鞠躬,然后对方谦恭地回一鞠躬,但不如真美羽鞠得深,对我则要上下打量一番才略点点头。我呢,总要向她们深深一鞠躬,然而不再停步了。

那天下午,我向真美羽谈了南瓜的亮相;数月过去,我盼望真美羽该说当艺妓学徒的时候到了。但却不然。春天过去了,夏天也过去了,她没有任何暗示,同南瓜的红火生活相比,我还只有上课和家务,以及每星期有几个下午同真美羽见面十五分钟或二十分钟。有时是在她公寓里,她教给我一些应有的知识,但大多数情况是让我穿上她的和服,跟着她在祗园里转悠,在街上办什么事,或去拜访她熟悉的算命先生或制假发的师傅。即使是下雨天,也没有什么要办的事,我们也打着漆伞,去逛商店,打听意大利出产的香水什么时候到货,或者去问裁缝某件和服修改好了没有,尽管早先预定的是下个星期才交货。

最初,我以为也许真美羽带着我是要教我学会适当的姿势(她曾不断用折扇轻击我肩头,要我直起腰来),或者多懂一些待人接物的礼貌。真美羽似乎认识所有人,即使是年轻的女仆,她也总要点头微笑,或者和颜悦色地交谈两句。但有一天当我们走出一家书店,我忽然发现她的目的所在了。她对逛书店并无兴趣,对假发师傅、文具商也无兴趣。要办的并不是什么重要的事;此外,她完全可以派女仆去办,不必亲手去办。她这么做,只是要让祗园的人看到我们俩人在一起。她有意把我亮相押后,以便使每个人注意到我。

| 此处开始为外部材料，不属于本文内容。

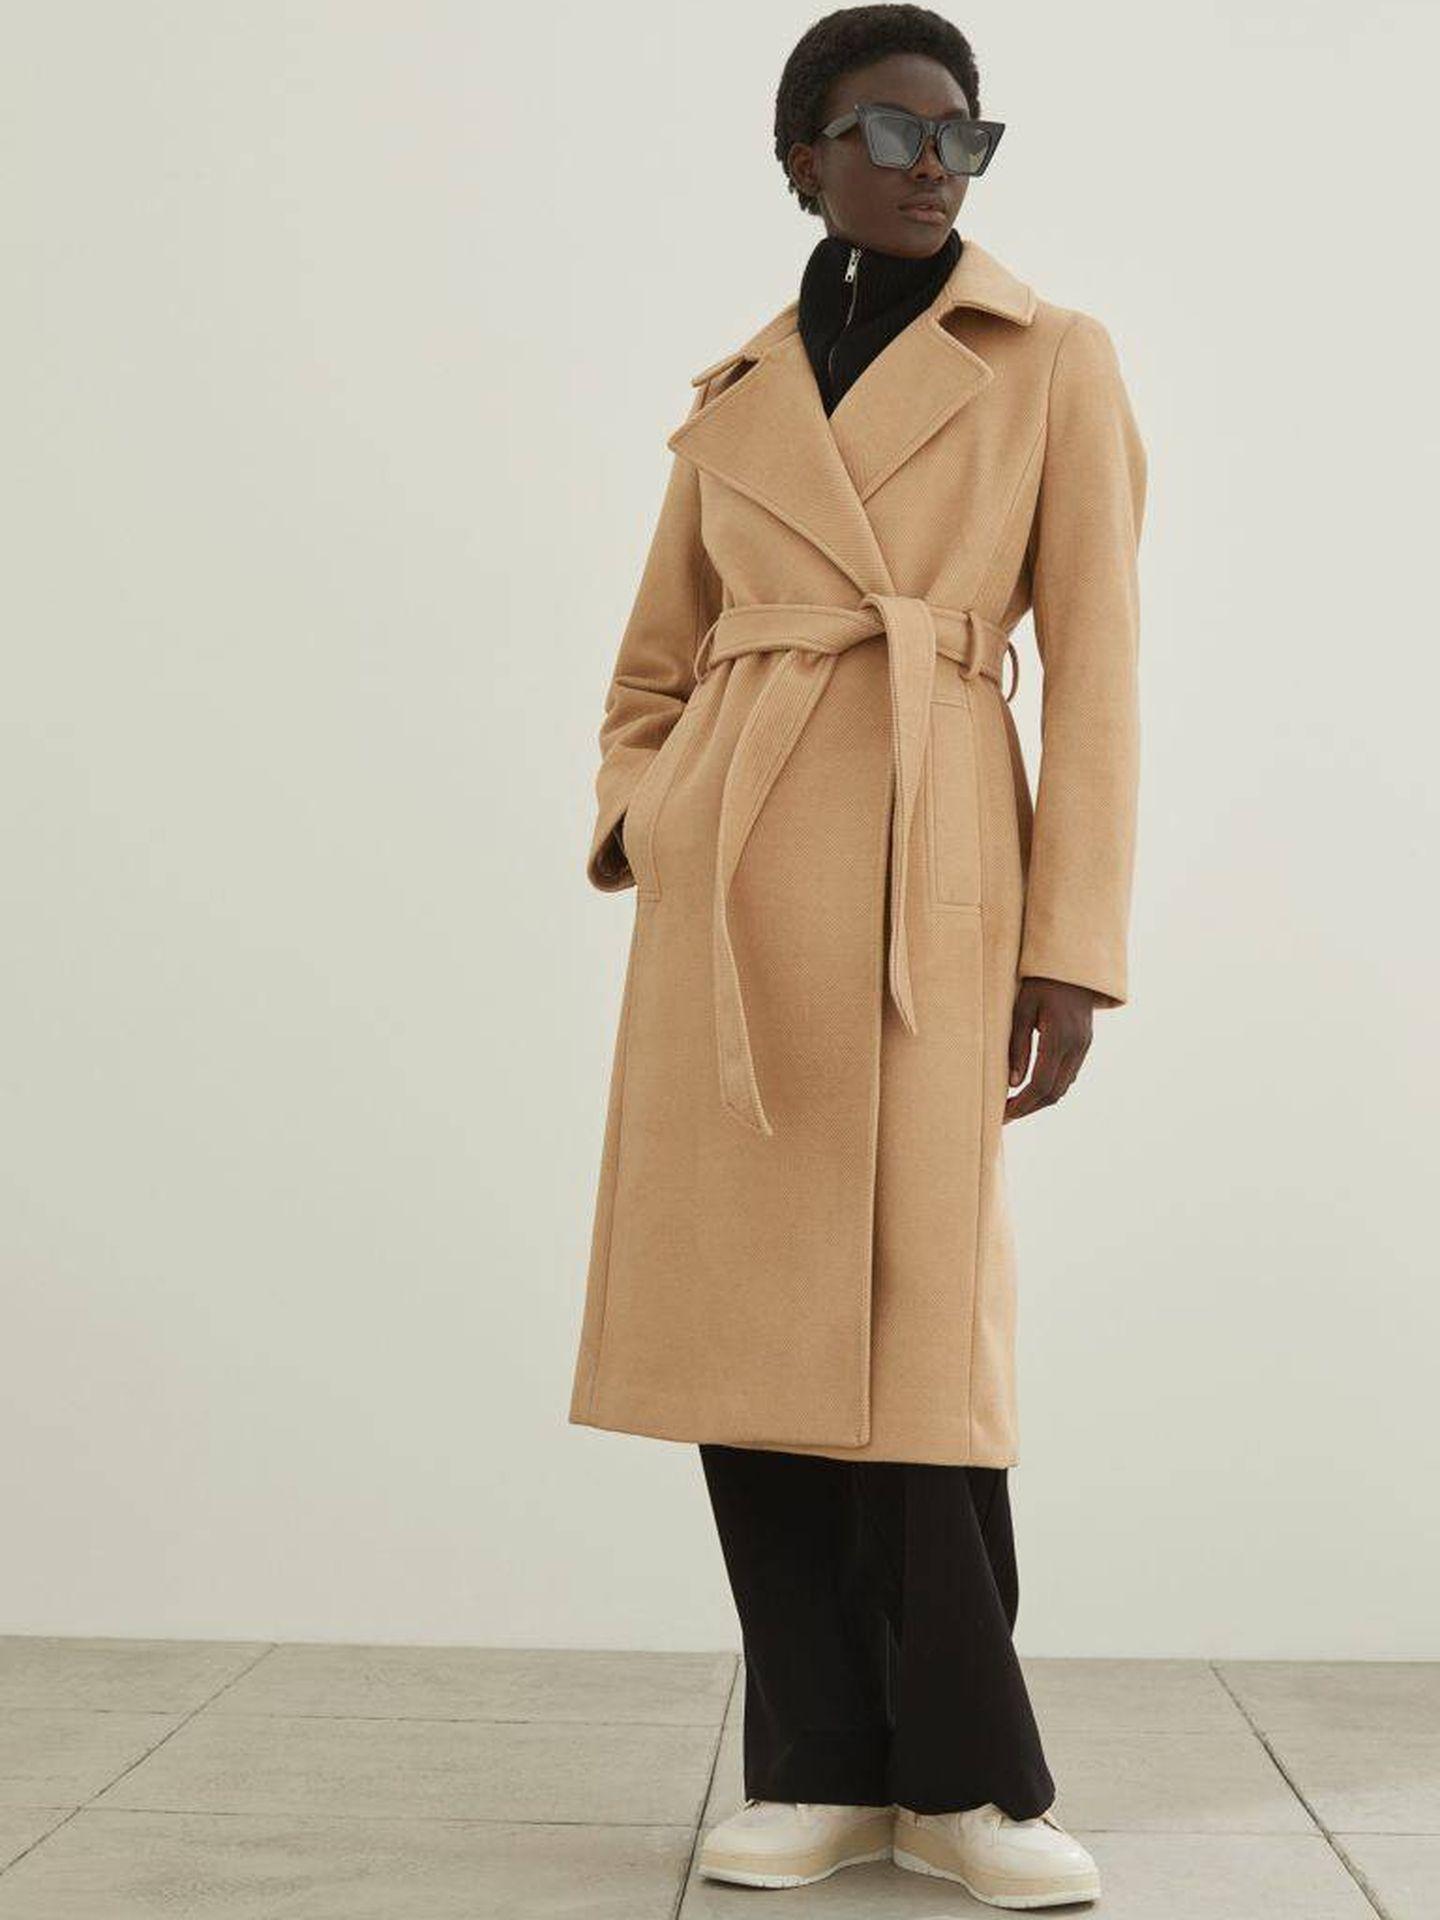 El abrigo camel de HyM. (Cortesía)

一个阳光灿烂的十月的下午,我们从真美羽的公寓出发,沿着白川溪河岸走去,观赏樱花树叶纷纷落到水中。许多人也都为此目的出来散步,因此你可以预料他们都同真美羽见了面。差不多每逢这样的场合,见到了真美羽的人也都见到了我。

"认识你的人越来越多了,你有没有想到这点?"她问我。

"我想大多数人认为只要走在真美羽小姐身旁,她顶多是只羊。"

"是羊就最好了,"她说,"那会是只不平常的羊。说真的,我听到许多人都在打听那个有着可爱的灰色眼珠的小姑娘。她们还不知道你的名字,但这无关紧要。你叫千代这个名字不会长久了。"

"真美羽小姐的意思是--"

"我的意思是说,我同算命先生和贺先生谈过了。"他挑的日子是十一月三号,这一天适宜你亮相。"。

真美羽把话停下来看看我,而我呆立在那里像一棵树,我的眼眼瞪得有米饼那么大。我并没有喊出声来或者双手拍掌,但我确实高兴得说不出话来。最后,我向真美羽深深鞠一躬,向她表示衷心地感谢。

"你会成为一名出色的艺妓的。"她说,"但如果你让你的一双眼睛更能表达某些意思,你就会有更大的成功。"

"我从来不担心用我的眼睛来表达我的想法。"我说。

"眼睛是女人身上最有表情的部位,尤其是在你这种情况,站在这里,我做给你看。"

真美羽转到拐角去,留我独自在小巷里。过一会,她漫步走来,从我身边擦过去,眼睛朝旁边看,给我的印象是她害怕要是朝我这边看的话会有什么事情发生。

"瞧着,要是你是个男人,"她问,'你会怎么想?"

"我会想你是要坚决避开我,别的什么都不想。"

"有没有可能我只是在瞧屋基的排水管呢?"

"即使这样,我还是认为你在避免看我。"

"那就是我刚才说的。一个身材漂亮的女孩子决不会偶然地把错误信息传给男人。男人会注意你的眼睛,想象你在眉目传情,即使你并无此意。现在,再看我做一遍。"

真美羽再次走到拐角处,这次是目光朝着地上走过来,一副心不在焉的样子。然后,靠近我时,立即把眼睛抬起来直望着我的眼,但瞬刻之间便把目光移开。我必须说,我有一种触电的感觉;如果我是个男人,我一定会以为她已经全身心地投入一种情怀但又想竭力挣脱。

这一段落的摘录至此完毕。